Joke Collection Website - Blessing messages - On-call mechanism for effective operation and maintenance

On-call mechanism for effective operation and maintenance

[Editor's note] Chen Bolong, the author of this article, is the founder of OneAlert, a cloud early warning platform, and has been engaged in IT operation management and cloud computing for over 10 years.

The development of Internet technology is inseparable from the support of operation and maintenance. There is no bug-free program and no problem-free system. It is not terrible to have problems and failures. The terrible thing is that it can't be handled in an orderly way:

How to deal with the emergency driver effectively has become the key to operation and maintenance (especially for the operation and maintenance supervisor). I have been exposed to the operation and maintenance of a large number of companies. From start-ups, small and medium-sized companies and large companies, I summarized and shared some on-call mechanisms commonly used by most companies to help deal with emergencies in an orderly manner:

Basically, it is carried out around people, processes and tools, and refers to ITIL's management thought. If you are interested, you can also refer to it, especially the operation management of ITIL V3.
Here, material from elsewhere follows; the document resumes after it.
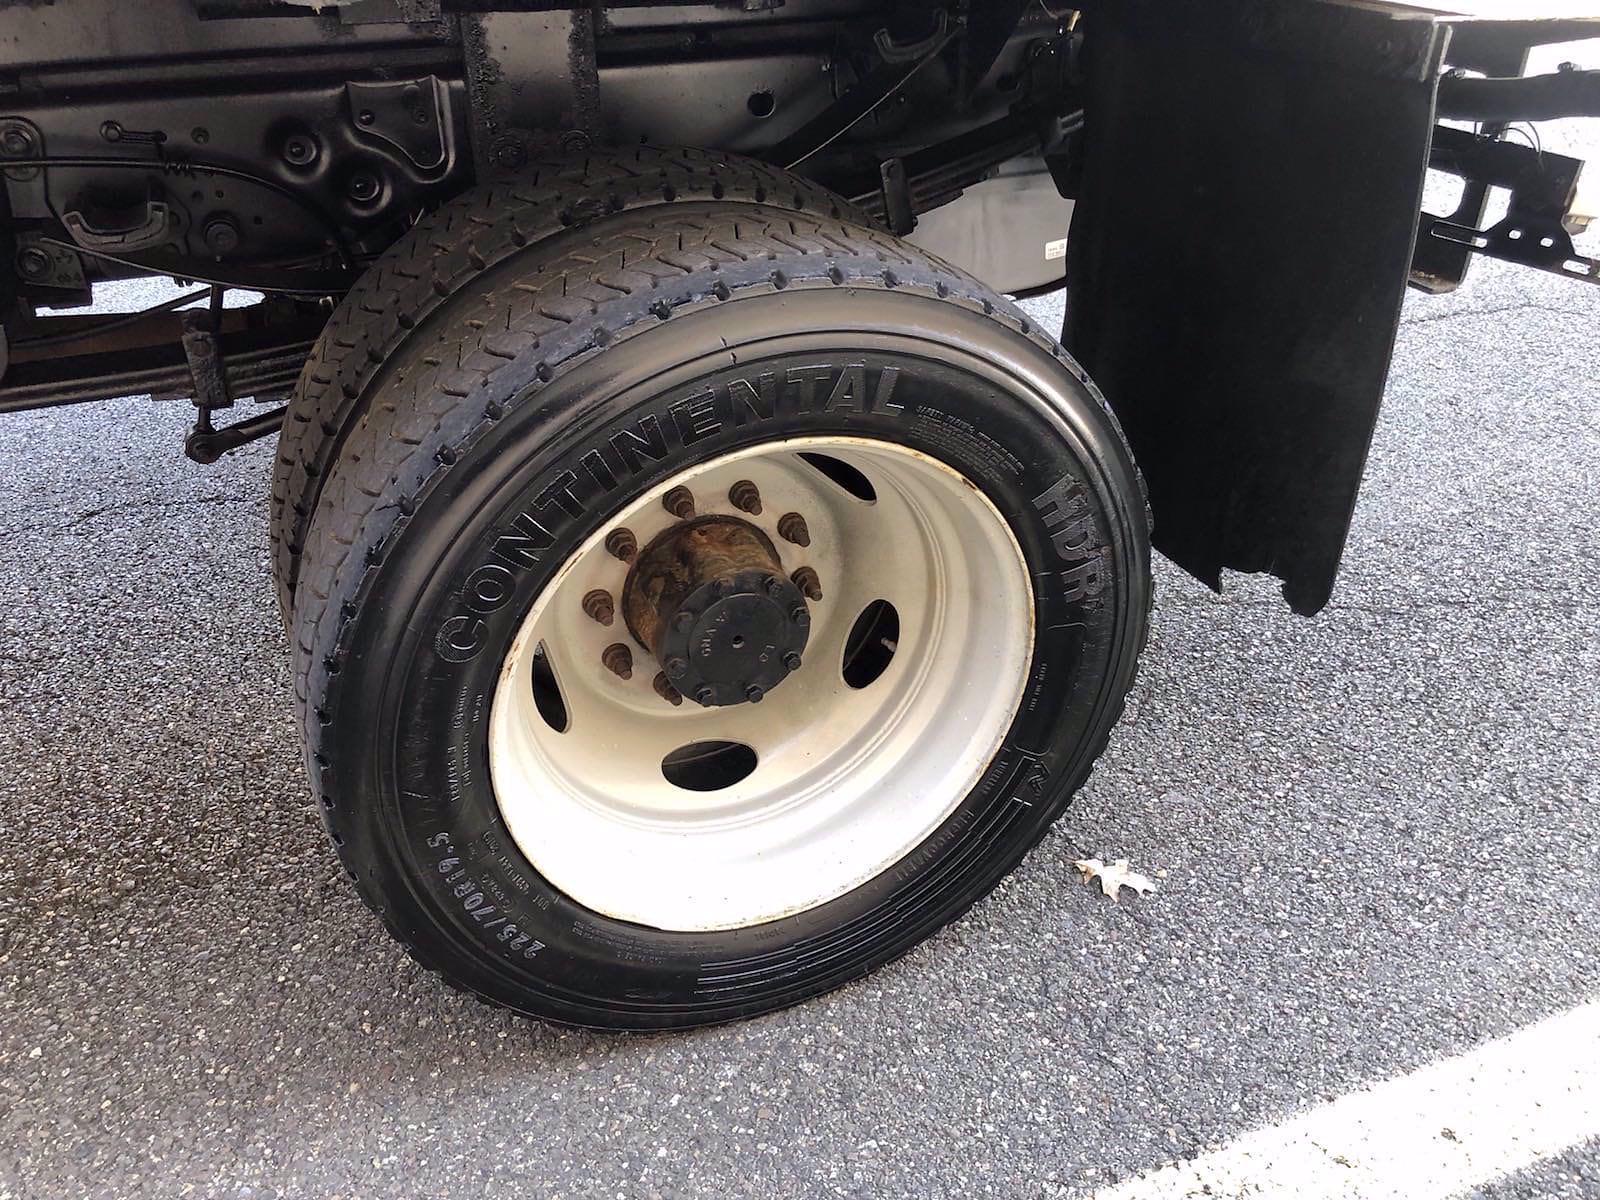 2016 Ford F-550 Regular Cab DRW 4x4, Dump Body #FL1098J - photo 19

Most companies use monitoring tools such as zabbix, nagios and open-falcon to monitor hardware, networks and applications. There may be a problem of decentralized monitoring:

Alarm concentration means that all alarm events found in production monitoring are concentrated together, so it is enough for us to stare at a platform, and it is easy to analyze whether the problem is the same or similar.

If the monitoring tool is single, centralization is not the most necessary, but how to deal with it in an orderly manner is the core. The special operation and maintenance team consists of 3-5 people to dozens/hundreds of people, and it is necessary to sort out the support process and response mechanism.
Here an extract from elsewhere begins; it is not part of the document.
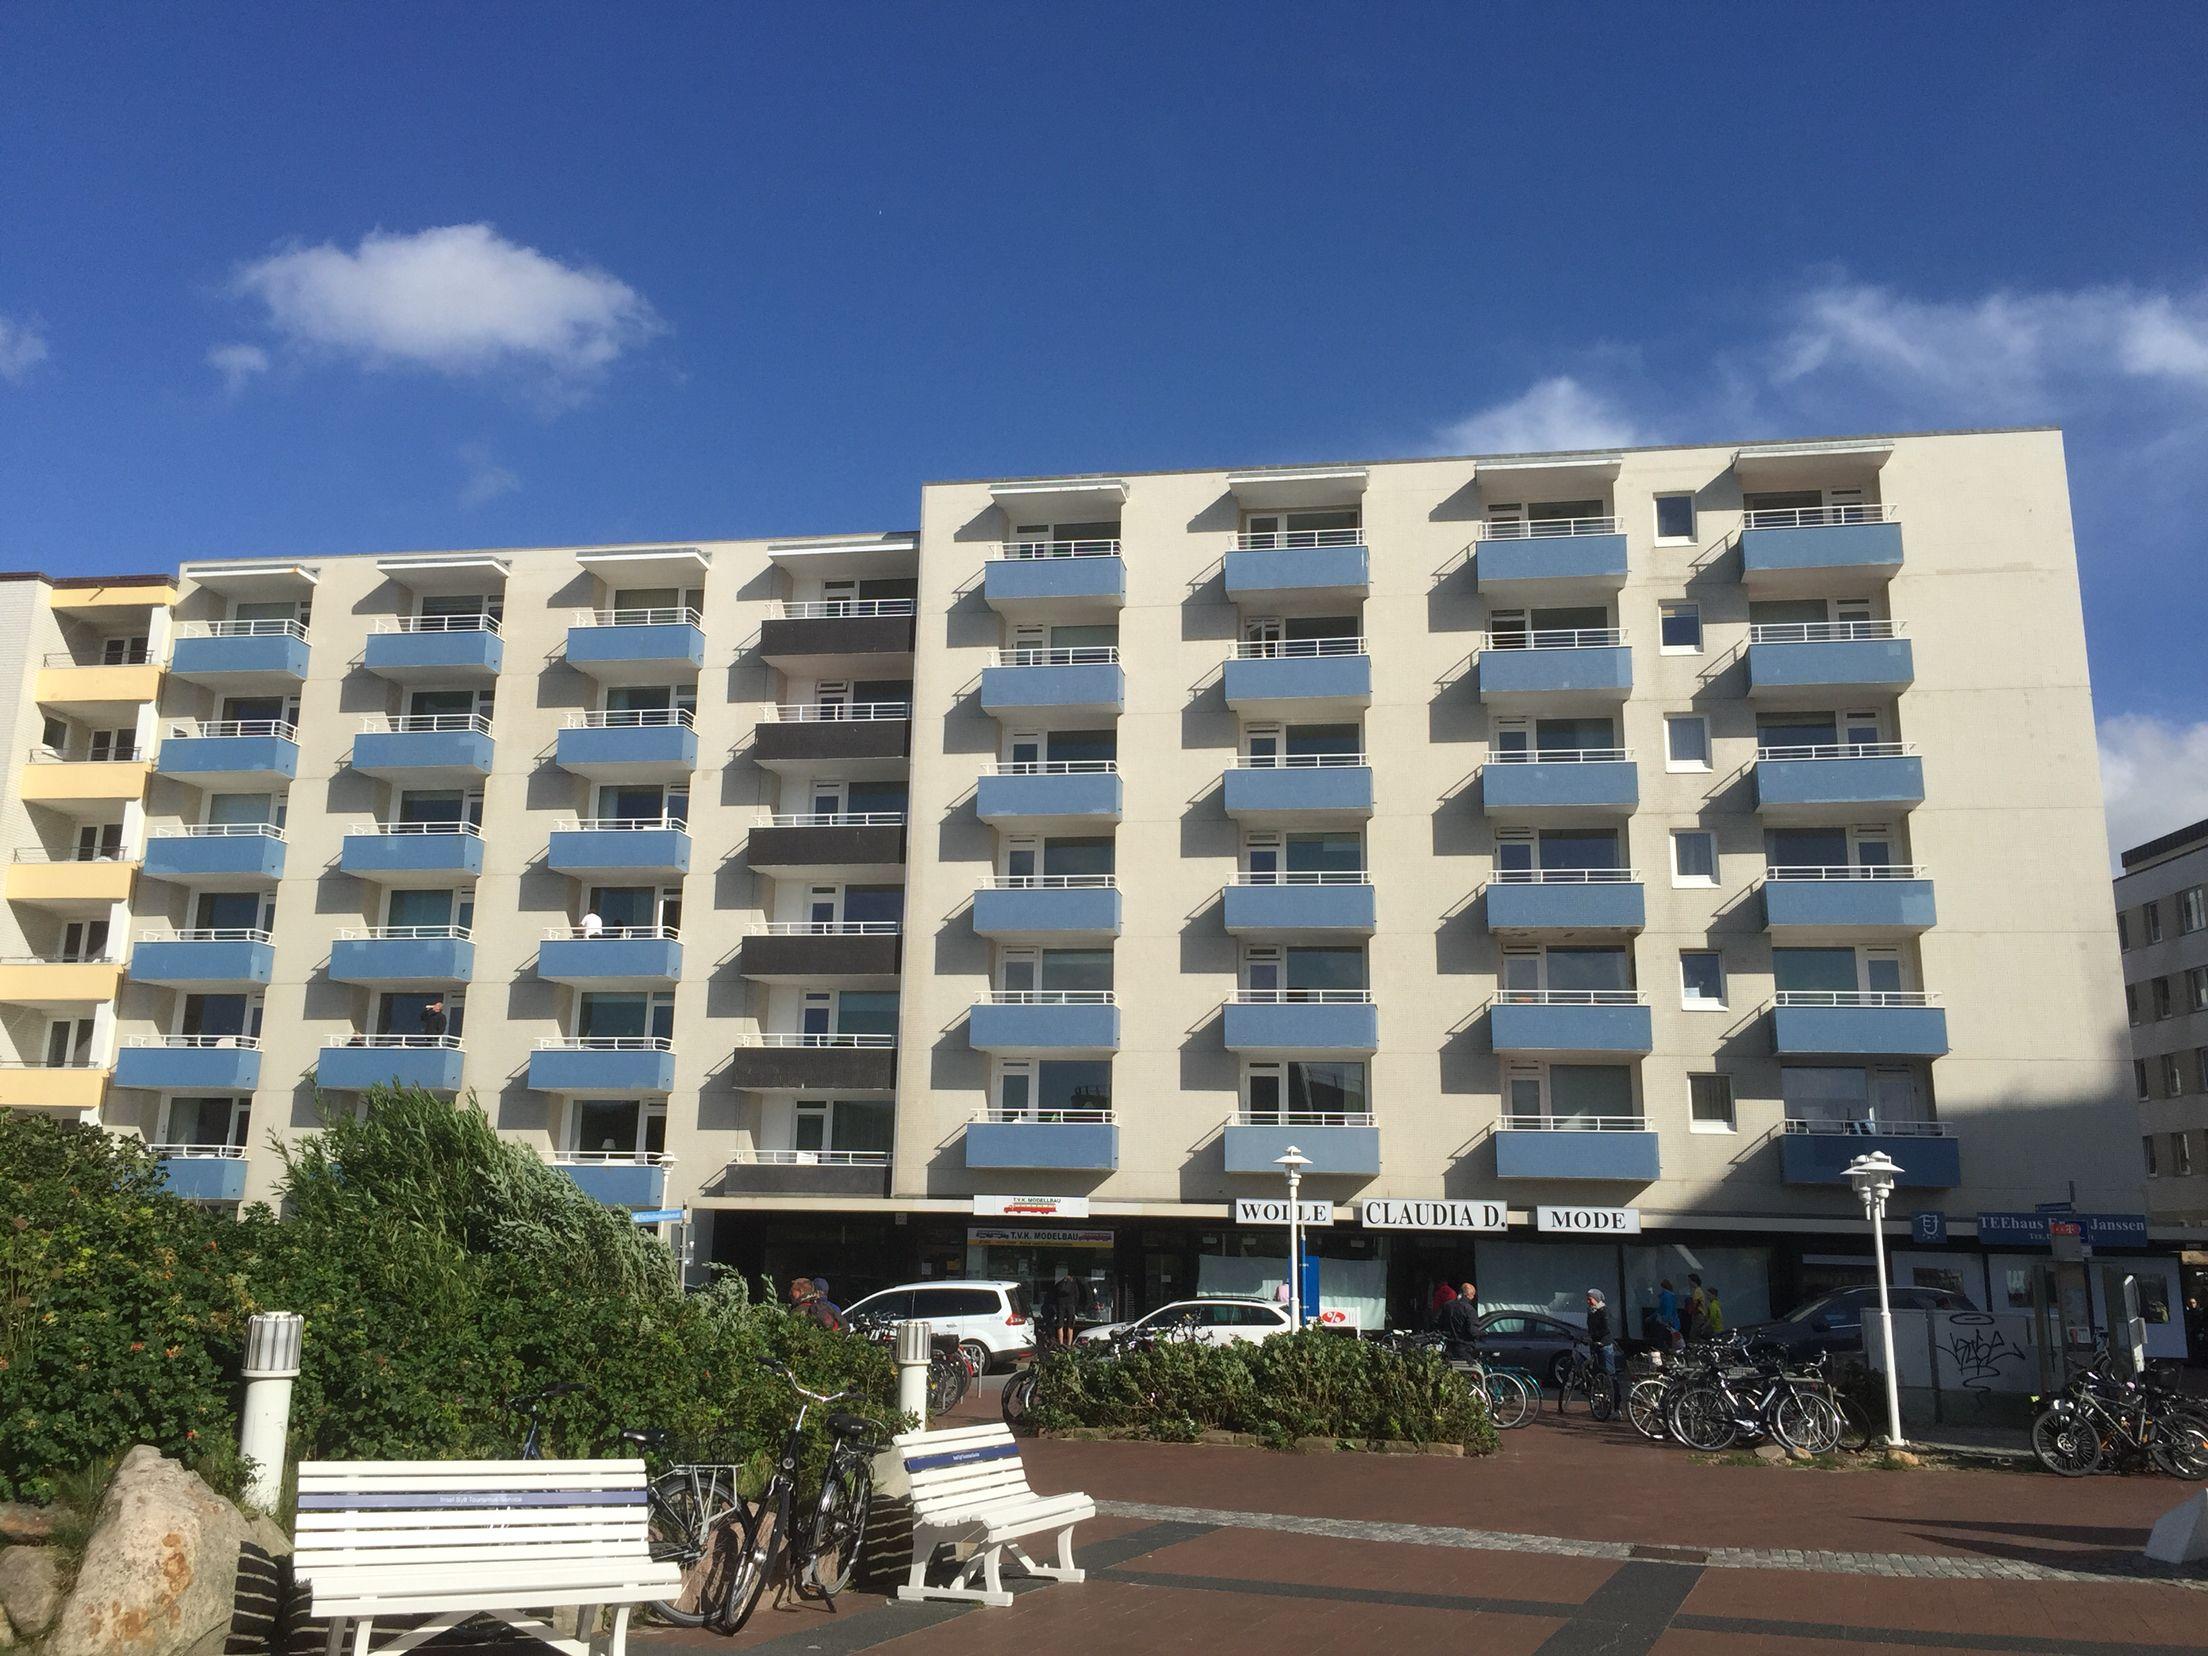 #Westerland #Sylt #Pattenbau

If the management is more detailed, the business will be split to form a matrix. For example, the first line and the second line are based on different majors, such as teams responsible for networks and different applications.

In addition, the severity level of the alarm should be considered and differentiated. Strict students generally establish a response level [1-3] or [1-5]:

Then the question is coming, the planning and design are quite good, how to land? At present, monitoring tools such as zabbix, nagios and open-falcon focus more on how to find problems, while the support process belongs to the category of dealing with problems or management. At present, there are few suitable tools on the market:

I contacted an Internet finance company and designed a very standardized process and P0-P5 emergency response plan, involving networks, cloud platforms and nearly 50 application R&D teams.

Task upgrade

Dispatching management

No matter how good the technology and design are, we will be very depressed if we don't receive the notice and deal with it in time. The solution to the last mile problem is:

It also supports the following points: daytime working hours do not need different levels and different time periods, such as serious telephone notification at night.

There is still a problem. When the alarm scale is large, especially in the alarm storm, it is easy to cause the mailbox or mobile phone short message to explode, so let's talk about avoiding the alarm storm.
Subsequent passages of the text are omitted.